Kabar duka lewat Facebook itu datang kemarin pagi. Dedy Nur Hidayat, DNH, meninggal dunia.

Duh.

Mas Dedy ini dulu dosen penguji gw waktu sidang skripsi. Pada saat itu, banyak yang menghindar dapat dosen penguji Mas Dedy. Gw malah seneng, karena dia terkenal kritis. Gw ingin merasakan itu. Begitu gw kelar sidang skripsi, yang ada malah gw makin jatuh cinta sama Mas Dedy (dan sebel sama dosen pembimbing gw). Karena apa yang dia tanyain itu persiiiisss dengan apa yang gw tanyain ke dosen pembimbing gw (tapi trus diabaikan aja sama dosen pembimbing gw itu huh).

Karena itu, nama Mas Dedy yang langsung pop up di kepala gw begitu harus cari surat rekomendasi untuk urusan aplikasi sekolah S2, salah satunya ke SOAS. Gw tadinya ragu-ragu mau ngontak dia. Siapalah gw sehingga dia mesti inget sama gw kan? Pada akhirnya sih gw gak pernah bener-bener tau, dia inget gw atau enggak, hehe. Yang jelas dia welcome ketika gw minta rekomendasi dari dia. Superb.

Setelah itu urusan bikin surat rekomendasi pun dimulai. Gw akhirnya ketemu sama dia di sebuah rumah di Jalan Proklamasi.

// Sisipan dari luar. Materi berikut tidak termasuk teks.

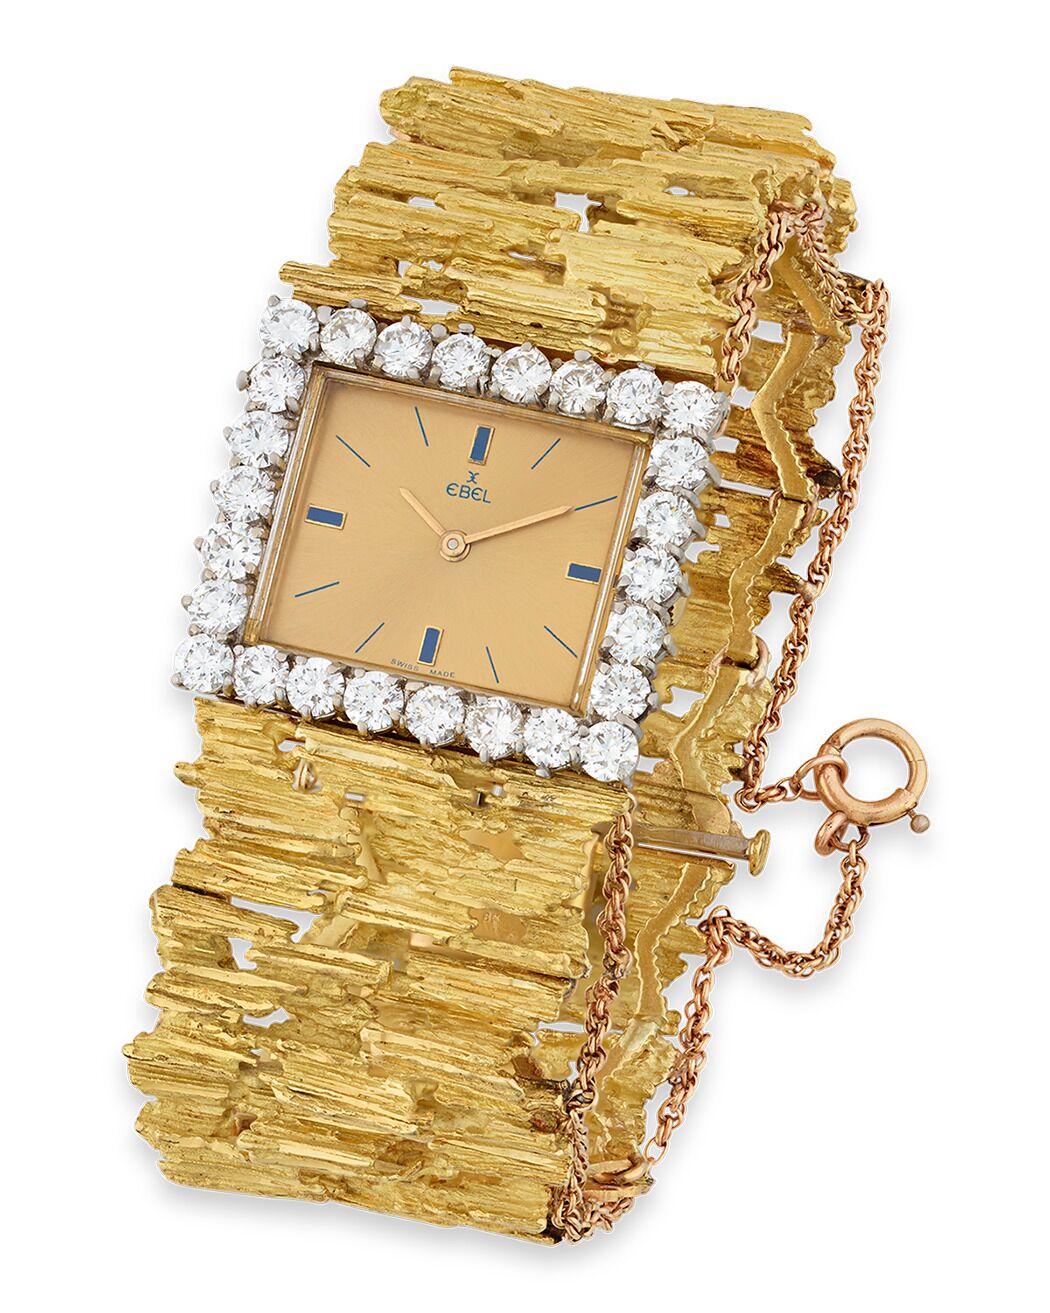 You are currently viewing Elvis Presley Gold Wristwatch Sold

Ada tukang jualan soto di depannya, yang dijadiin patokan sama Mas Dedy. Di situ kami bereskan soal surat rekomendasi. Ah betapa dia sangat welcome pada keinginan gw untuk sekolah lagi.

Ketika akhirnya gw keterima di SOAS, gw lapor lagi sama dia. Memberitahukan kabar gembira itu. Sembari trus gw juga mulai sok-sokan belajar-belajar lagi ilmu soal media, dengan mendatangi perpustakaan S2-nya Komunikasi di Salemba. Di situ gw sempet ngobrol lagi sama dia.

Mas Dedy ini penampilannya unik. Old school banget, hehe. A bit clumsy too. Yang khas dari Mas Dedy adalah ngomongnya yang agak gagap. Karena itu juga gw gak pernah berani ngusulin dia jadi narsum buat acara di kantor gw, karena secara auditif kan gak terlalu oke. Walaupun tentu saja Mas Dedy ini tetap sangat mempesona buat gw.

Dalam satu perbincangan gw sama dia, dia nyuruh gw untuk mengajar setelah kelar S2. Abis itu untuk terus lanjut ke S3 dan bikin penelitian. Gw ngajar? Gw S3? Gw bikin penelitian? Gw bengong.

Sebagian dari itu udah saya lakukan, Mas. Thanks for supporting my study back then.

Membaca soal dia di Twitter makin bikin hati jadi sedih. He’s such a great man.

@ifahmi: I’ll be a damned fool teacher if my students remain nothing but “my students”, speaking cut & paste words from my thoughts -Dedy N Hidayat-

@gitaromadhona: Kalau Anda percaya begitu saja apa yg dikatakan dosen atau apa yg dibaca dari buku, maka karier akademik Anda tamat”-Prof. Dedy Nur Hidayat

*mata panas*

Btw, kaos yang dipakai Mas Dedy ini terasa sangat pas. Dia meninggal saat Obama datang. Titi dj ya Mas.